Covalent DNA adducts formed by benzo[c]chrysene in mouse epidermis and by benzo[c]chrysene fjord-region diol epoxides reacted with DNA and polynucleotides.

Abstract

The metabolic activation in mouse skin of benzo[c]chrysene (B[c]C), a weakly carcinogenic polycyclic aromatic hydrocarbon (PAH) present in coal tar and crude oil, was investigated. Male Parkes mice were treated topically with 0.5 mumol of B[c]C, and DNA was isolated from the treated areas of skin at various times after treatment and analyzed by 32P-postlabeling. Seven adduct spots were detected, at a maximum level of 0.89 fmol of adducts/microgram of DNA. Four B[c]C-DNA adducts persisted in skin for at least 3 weeks.

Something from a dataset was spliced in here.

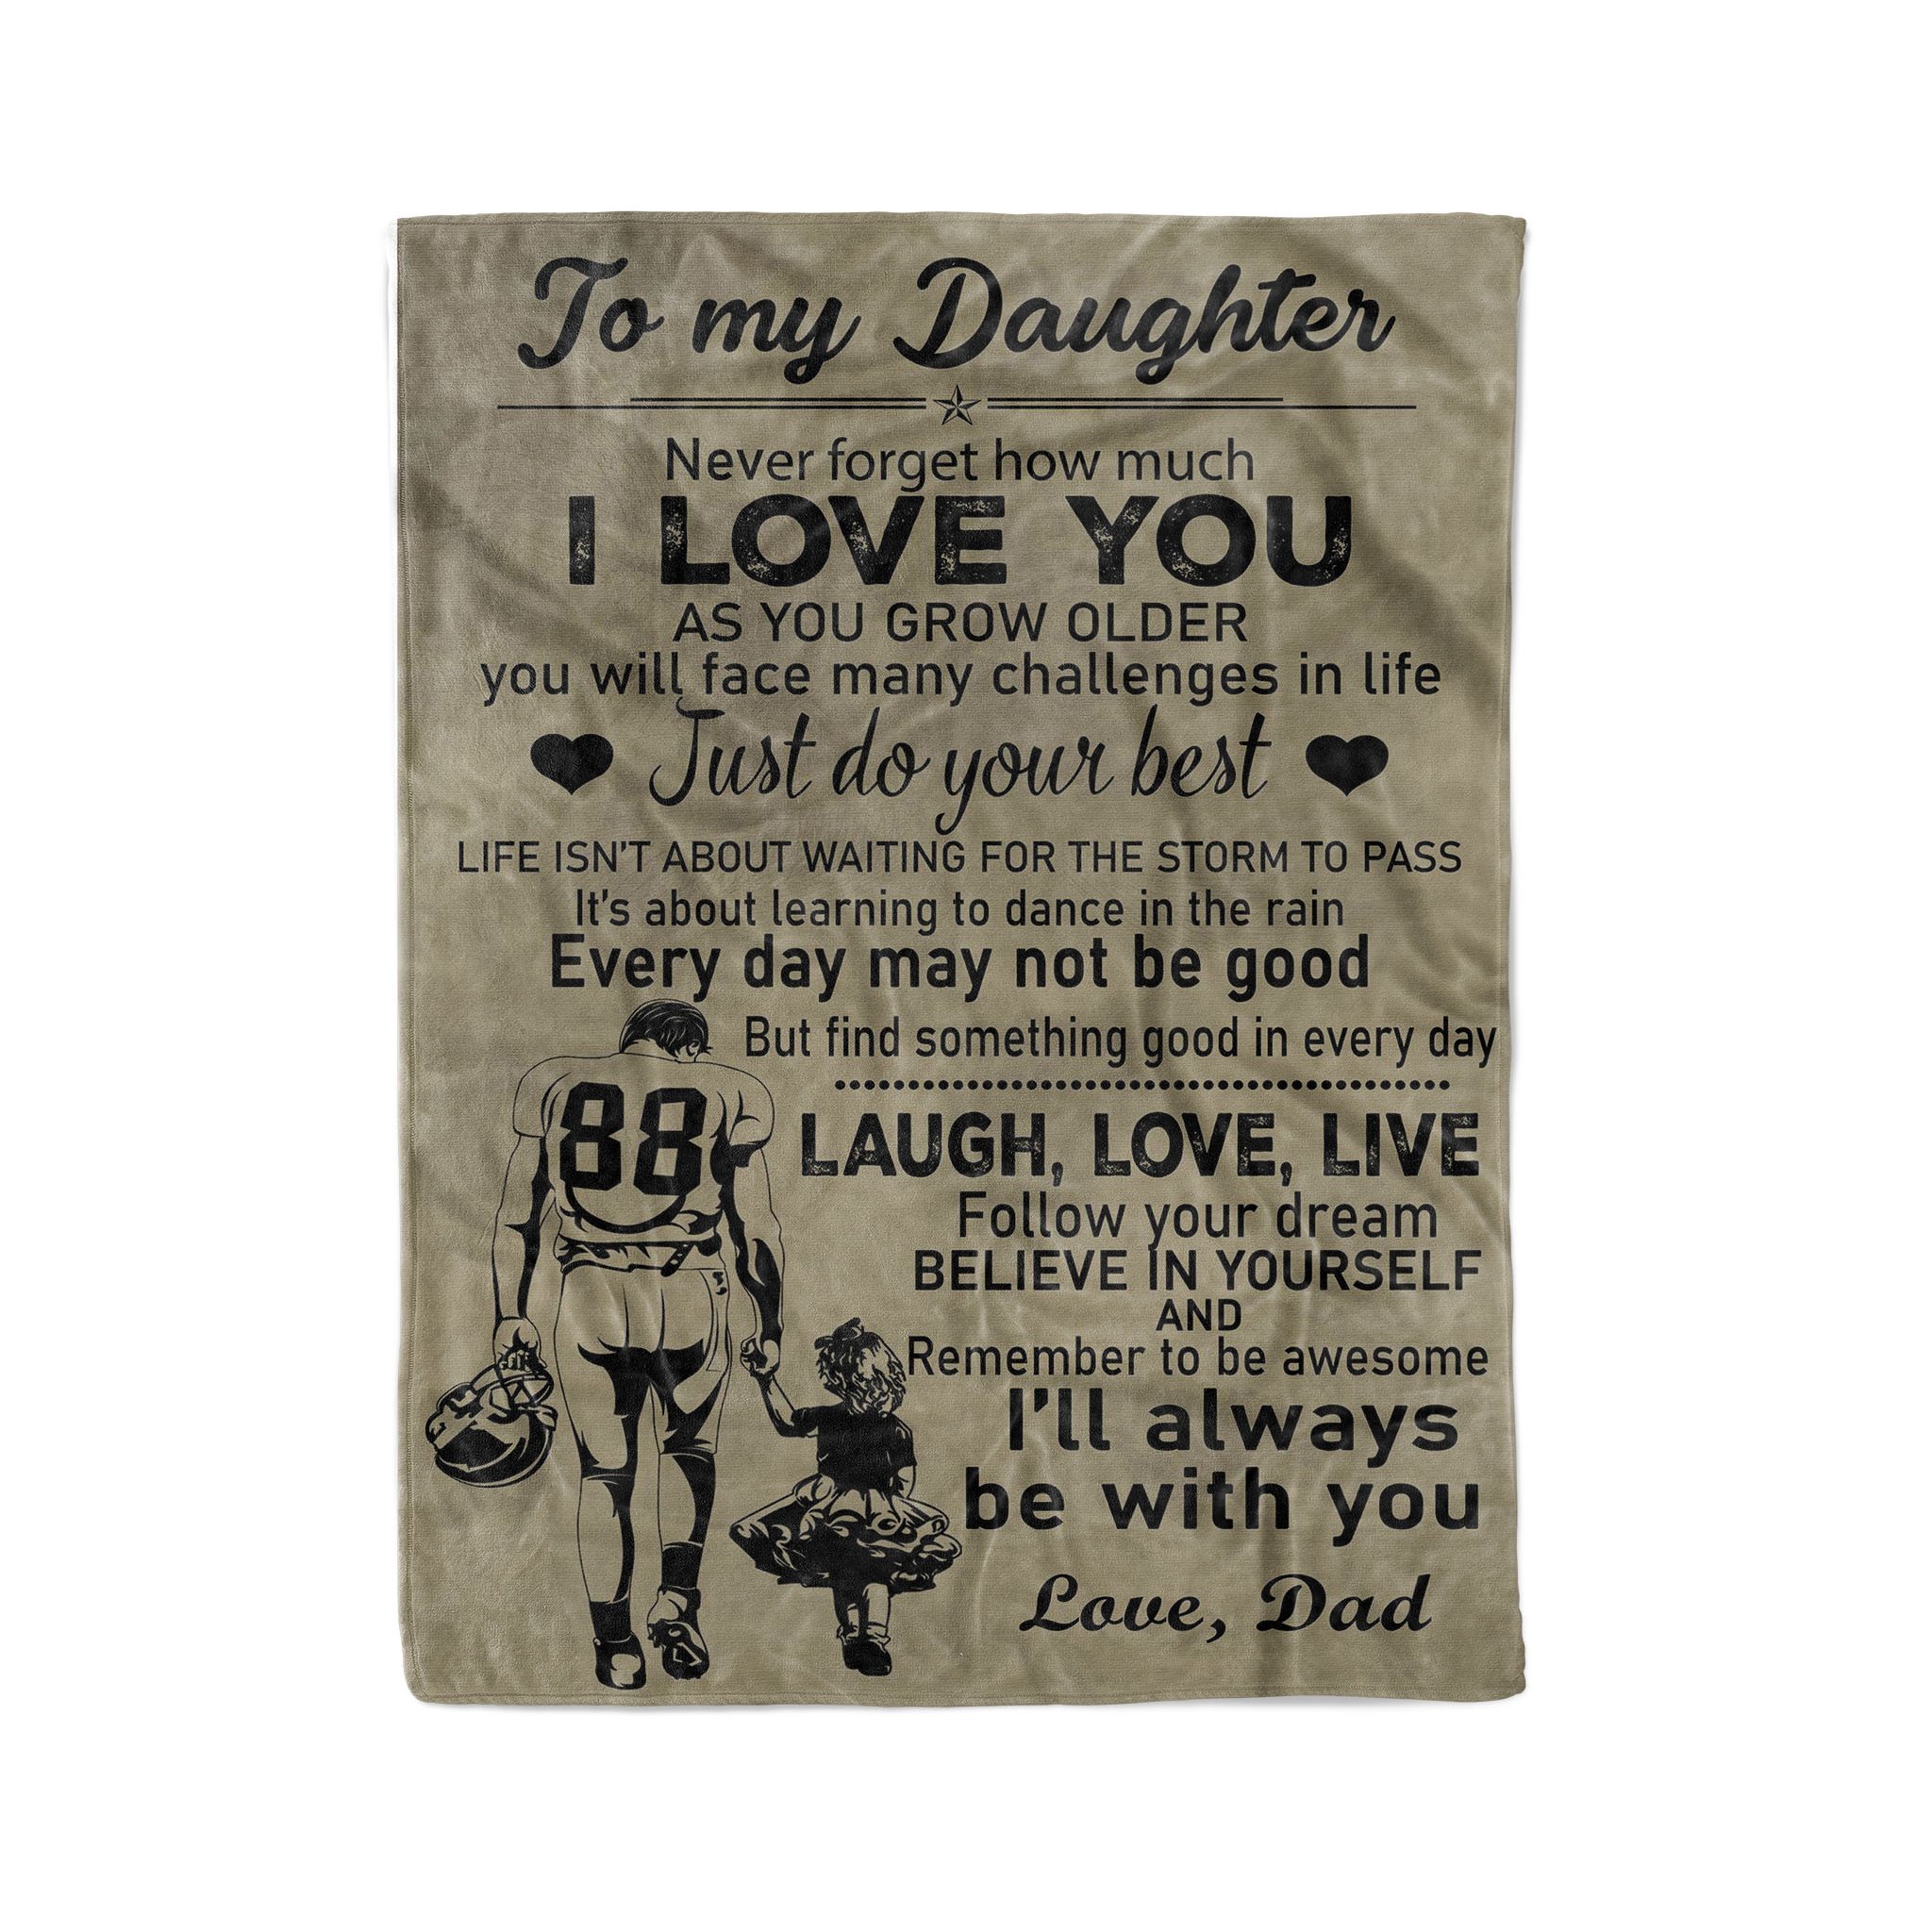 Fleece American football Blanket dad to daughter never forget how much I love you

Treatment of mice with 0.5 mumol of the optically pure putative proximate carcinogens (+)- and (-)-trans-benzo[c]chrysene-9,10-dihydrodiols [(+)- and (-)-B[c]C-diols] led to the formation of adducts which comigrated on TLC and HPLC with some of those formed in B[c]C-treated mice. The major adduct formed in mouse skin treated with B[c]C coeluted on TLC and HPLC with an adduct formed in mouse skin treated with (-)-B[c]C-diol. These results suggested that the detected adducts were formed by the fjord-region B[c]C-9,10-dihydrodiol 11,12-epoxides (B[c]CDEs). To test this, the four optically pure synthetic B[c]CDEs were reacted in vitro with DNA and with synthetic polynucleotides and these samples were 32P-postlabeled. Cochromatography, both on TLC and HPLC, of in vitro and in vivo adducts indicated that B[c]C is activated in mouse skin through formation of the (-)-anti- and (+)-syn-B[c]CDE with 9R,10S,11S,12R- and 9S,10R,11S,12R- absolute configuration, respectively, both of which formed two DNA adducts in vivo. However, the major adduct present in the B[c]C-treated skin DNA was not a fjord-region B[c]CDE adduct but was possibly derived from a bay region B[c]CDE at the 1,2,3,4-position. The extent of DNA adduct formation by B[c]C in mouse skin DNA was lower than that of moderately carcinogenic PAHs previously studied by this method, suggesting a correlation between extent of DNA adduct formation and carcinogenic potential.